Figure 3 shows a once-through steam generator system, in which the thermal energy generated in the reactor 1 is sent via an intermediate heat exchanger 3 to an integrated once-through steam generator 17, where the water side and heat be exchanged. On the steam side, water from the high-pressure feed water heater 8 is directly supplied to the steam generator 17, becomes superheated steam at the outlet of the steam generator 5, and is sent directly to the steam turbine 10 as it is.

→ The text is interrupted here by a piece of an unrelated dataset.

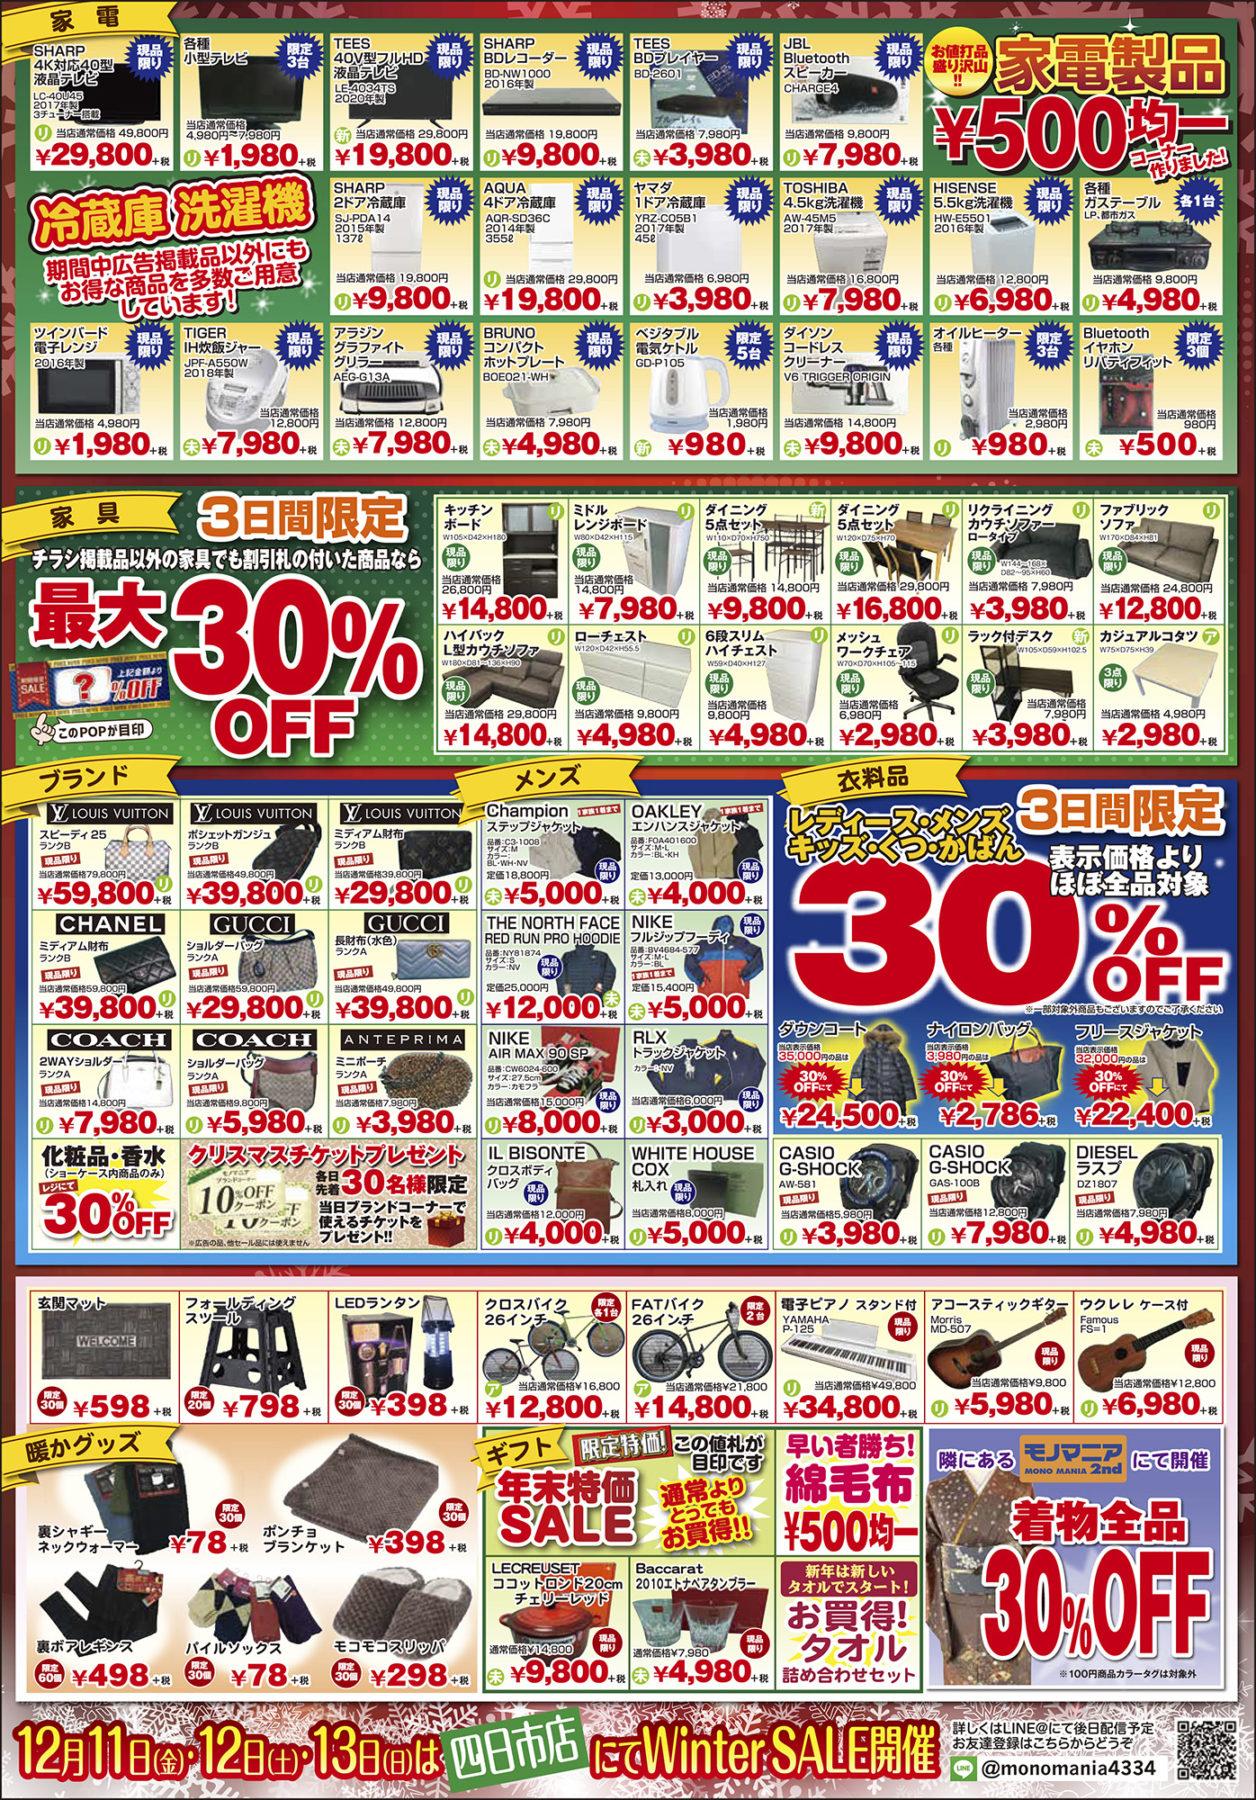 モノマニア祭2020【モノマニア朝日店】チラシ裏

(Problems to be Solved by the Invention) In the conventional recirculating wet steam generator system, even if the recirculating pump 9 is stopped after the reactor 1 is stopped, the steam drum 7 and the evaporator 6 are Heat removal in a stable state is possible due to natural circulation between the two. Moreover, the advantage in this case is that the final settling temperature becomes the saturation temperature of the steam drum pressure, which reduces the temperature drop from the operating temperature, which reduces thermal shock to the equipment and ensures structural integrity. This can be cited as being advantageous. On the other hand, the disadvantage is that it requires a steam drum 7 and a recirculation pump 9, and due to thermal balance conditions, the required heat transfer area is larger than that of a once-through steam generator 17, which will be described later. Both of these conditions are economically disadvantageous.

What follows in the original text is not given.